### Activity
Please set down the data word for word; images do not go in the copy.

### Information provided
----------
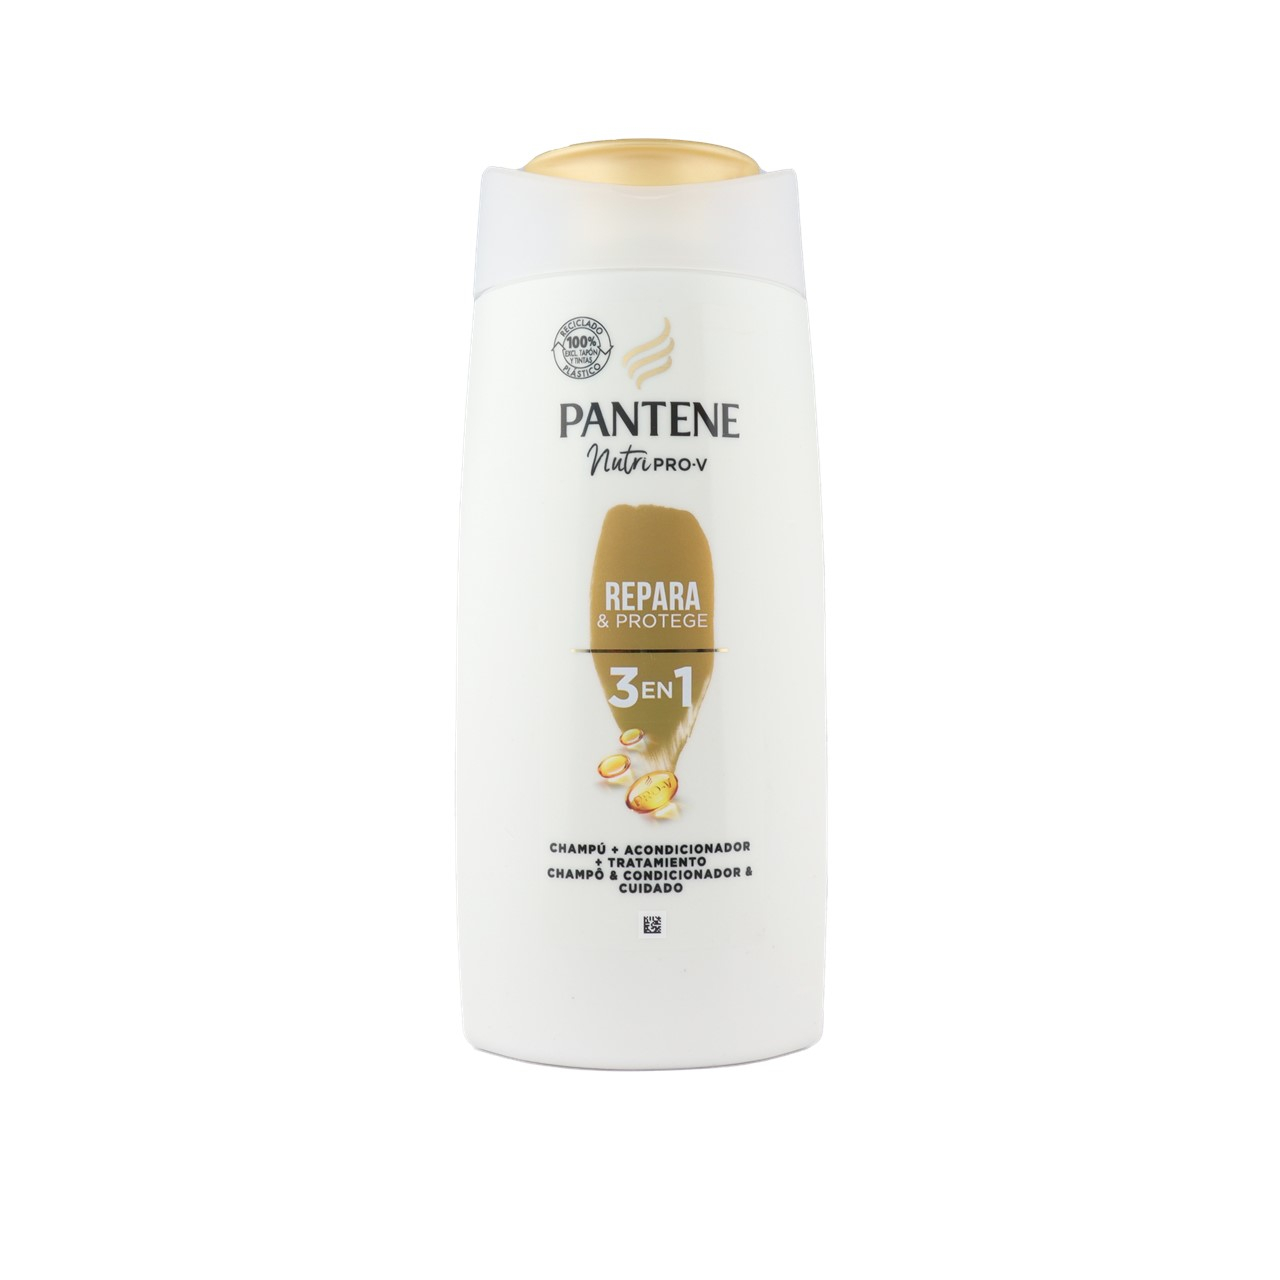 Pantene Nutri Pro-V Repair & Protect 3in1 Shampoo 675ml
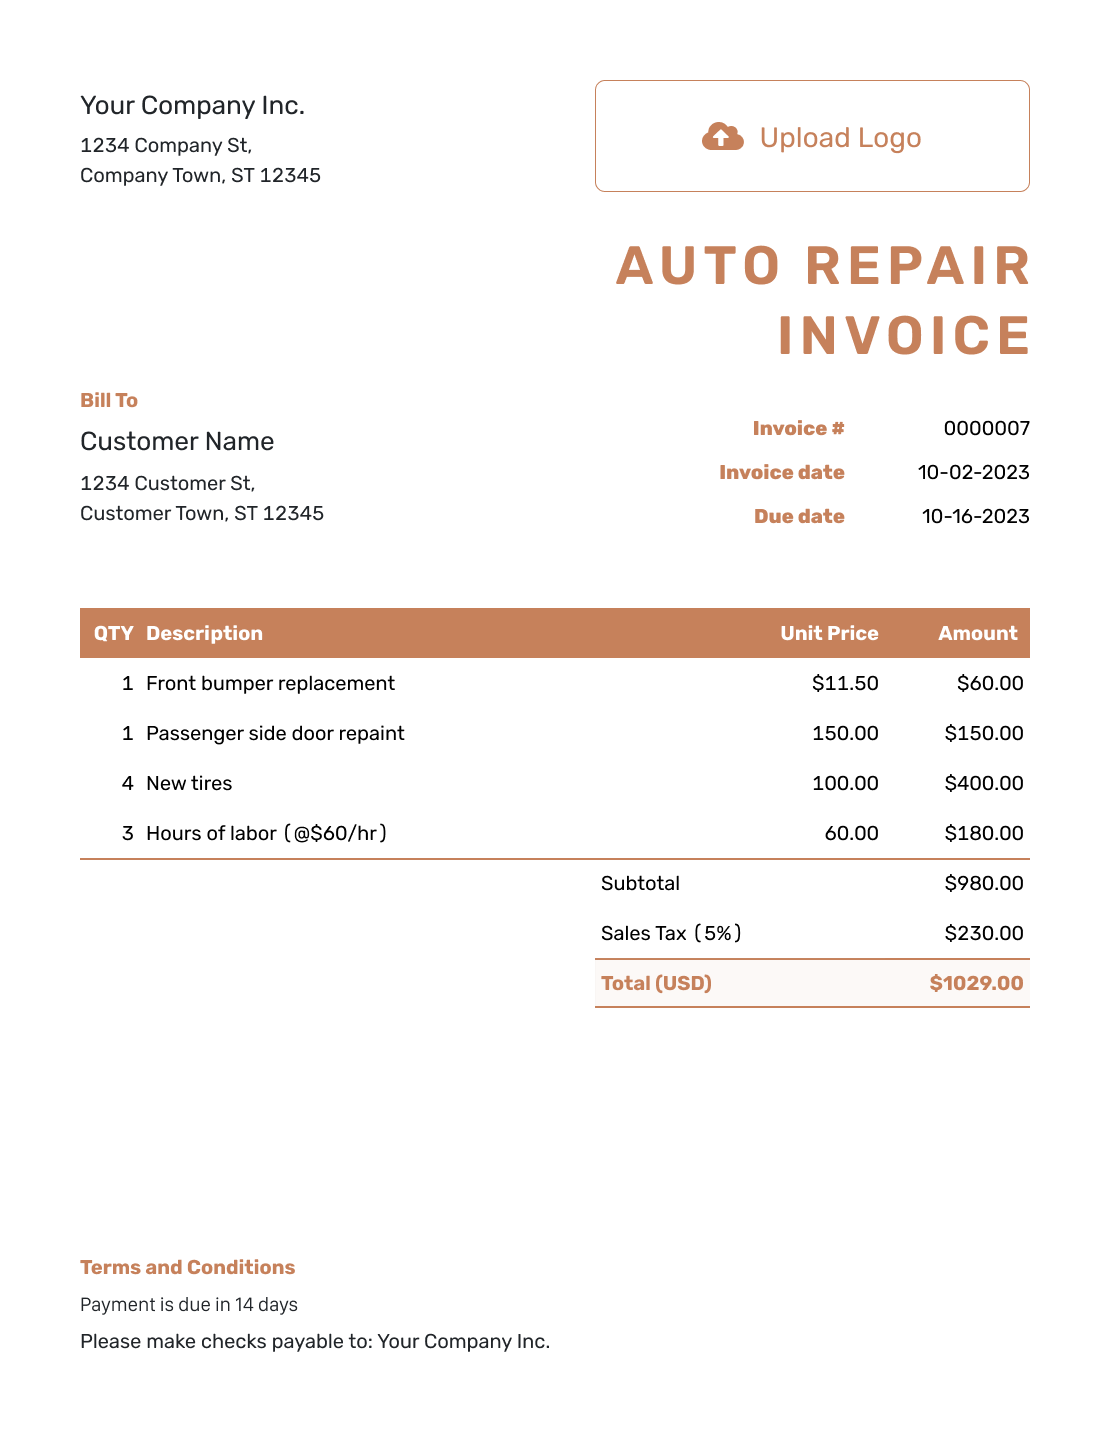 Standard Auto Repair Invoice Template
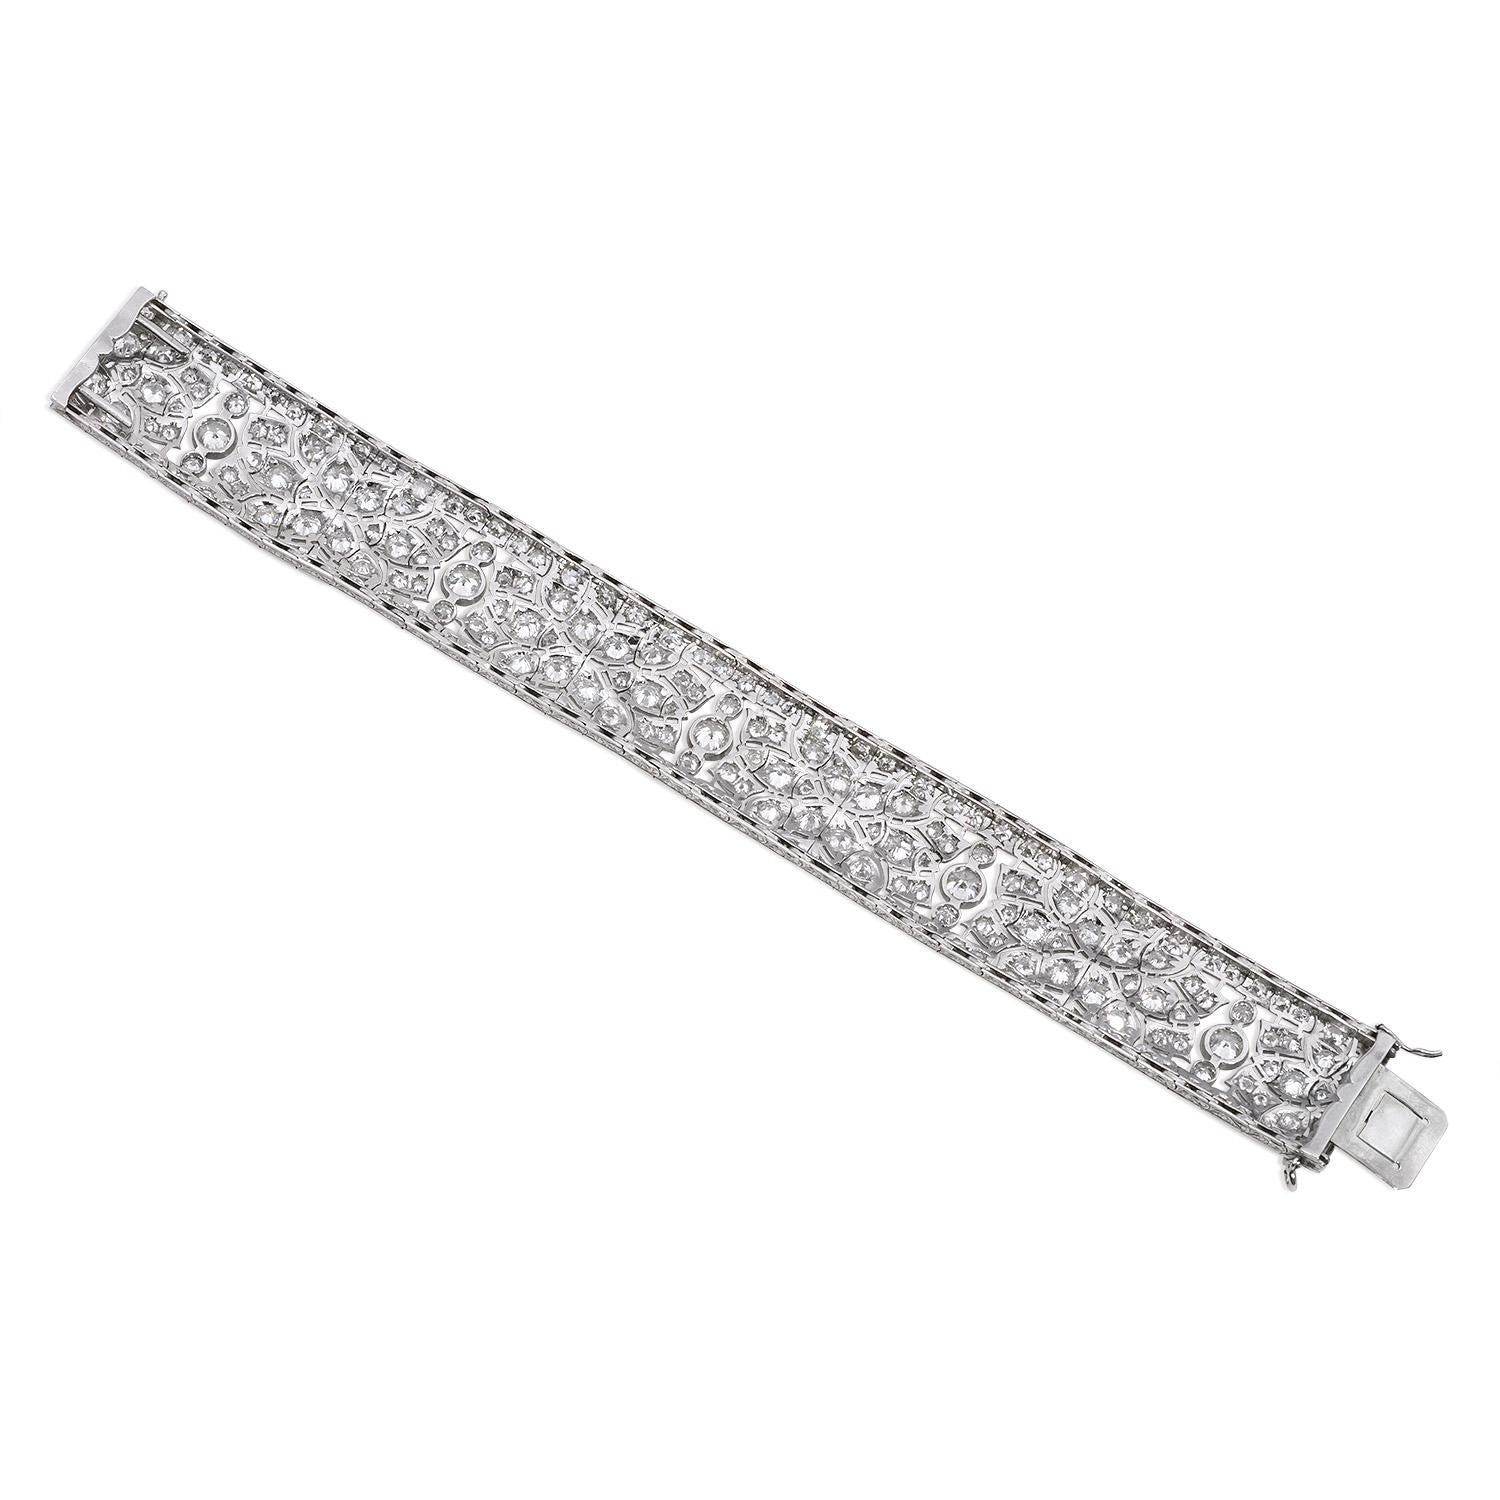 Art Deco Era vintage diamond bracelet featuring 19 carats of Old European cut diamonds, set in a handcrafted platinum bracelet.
----------
### Answer below
 Pantene Nutri Pro-V Repair & Protect 3in1 Shampoo 675ml
 Standard Auto Repair Invoice Template
 Art Deco Era vintage diamond bracelet featuring 19 carats of Old European cut diamonds, set in a handcrafted platinum bracelet.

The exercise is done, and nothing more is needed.